Convert tabs to spaces in files.


fmt [files]

Format text in files to a specified width by filling lines and removing newline characters.


head [files]

Print the first few lines of files.


join file1 file2

Print a line for each pair of input lines, one each from file1 and file2, that have identical join fields.


nl [files]

Number the lines of files, which are concatenated in the output.


od [files]

Dump files in octal, hexadecimal, ASCII, and other formats.


paste files

Paste together corresponding lines of one or more files into vertical columns.


pr [file]

Convert a text file into a paginated, columnar version, with headers and page fills.


split [infile] [outfile]

Split infile into a specified number of line groups; the output will go into a succession of files of outfileaa, outfileab, and so on.


tac [file]

Print file to standard output in reverse line order.


tail [files]

Print the last few lines of one or more files.


tr [string1 [string2]]

Translate characters by mapping from string1 to the corresponding character in string2.


wc [files]

Print counts of characters, words, and lines for files.

10.3.2.2. The stream editor, sed

sed is a popular text-filtering program found on every Unix system; it has the following syntax:


sed command [files]


sed -e command1 [-e command2] [files]


sed -f script [files]

Execute sed commands, or those found in script, on standard input or files.

10.3.3. Objective 3: Perform Basic File Management

10.3.3.1. Concepts
  • Filesystem creation prepares a disk device (or partition) for use. Linux usually uses the native ext2 (second extended) filesystem or the journalled ext3 filesystem, but it supports many other filesystem types.

  • The Linux filesystem is arranged into a hierarchical structure anchored at the root directory, or /. Beneath this is a tree of directories and files.

  • Identification information for a filesystem object is stored in its inode, which holds location, modification, and security information. Filesystems are created with a finite number of inodes.

10.3.3.2. File and directory management commands

The following commands are essential for the management of files and directories:


cp file1 file2


cp files directory

Copy file1 to file2, or copy files to directory.


mkdir directories

Create one or more directories.


mv source target

Move or rename files and directories.


rm files

Delete one or more files from the filesystem. When used recursively (with the -r option), rm also removes directories.


rmdir directories

Delete directories, which must be empty.


touch files

Change the access and/or modification times of files by default to the present time.

10.3.3.3. File-naming wildcards

Wildcards (also called file globs) allow the specification of many files at once. A list of commonly used wildcards can be found in Table 10-3.

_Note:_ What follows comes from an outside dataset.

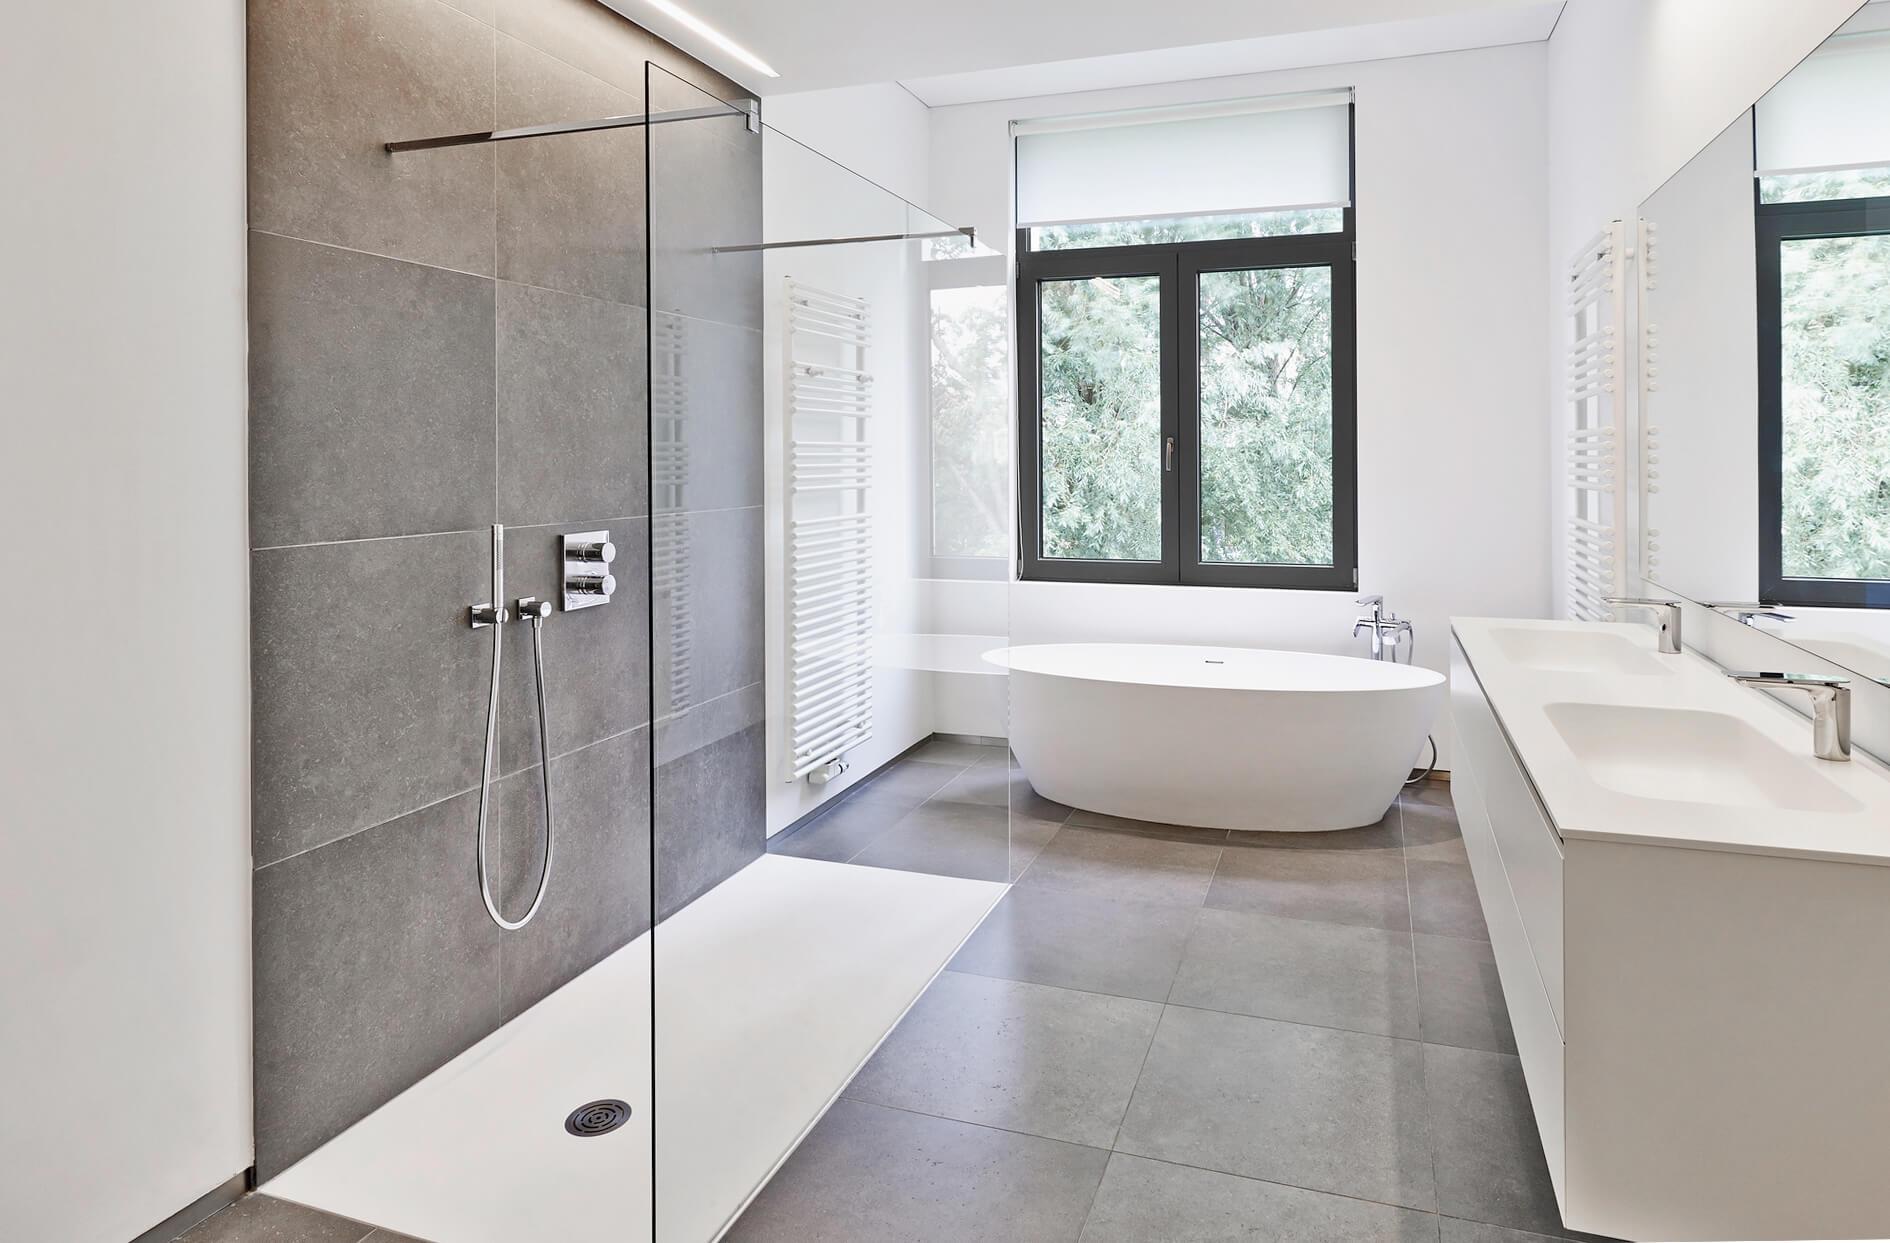 Full Size of Begehbare Dusche Hüppe Bodengleiche Einbauen Badewanne Mit Tür Und Glasabtrennung Fliesen Unterputz Duschen 80x80 Bluetooth Lautsprecher Siphon Komplett Set Dusche Begehbare Dusche

Table 10-3. File-naming wildcards

Wildcard

Function

*

Match zero or more characters.

?

Match exactly one character.

[characters]

Match any single character from among characters listed between brackets.

[!characters]

Match any single character other than characters listed between brackets.

[a-z]

Match any single character from among the range of characters listed between brackets.

[!a-z]

Match any single character from among the characters not in the range listed between brackets.

{frag1,frag2,frag3,...}

Brace expansion: create strings frag1, frag2, and frag3, etc., such that file_{one,two,three} yields file_one, file_two, and file_three.


10.3.4. Objective 4: Use Unix Streams, Pipes, and Redirects

10.3.4.1. Concepts
  • A central concept for Linux and Unix systems is that everything is a file.

  • Many system devices are represented in the filesystem using a device file, such as /dev/ttyS0 for a serial port.

10.3.4.2. Standard I/O
  • The shell provides the standard I/O capability, offering three default file descriptors to running programs.

  • Standard input (stdin) is a text input stream, by default attached to the keyboard.

  • Standard output (stdout) is an output stream for normal program output.

  • Standard error (stderr) is an additional output stream meant for error messages.

10.3.4.3. Pipes and redirection
  • It is possible to tie the output of one program to the input of another. This is known as a pipe and is created by joining commands using the pipe symbol (|).

  • Pipes are a special form of redirection, which allows you to manage the origin of input streams and the destination of output streams. Redirection syntax for various shells differs slightly. See Table 10-4 for examples of common redirection operators.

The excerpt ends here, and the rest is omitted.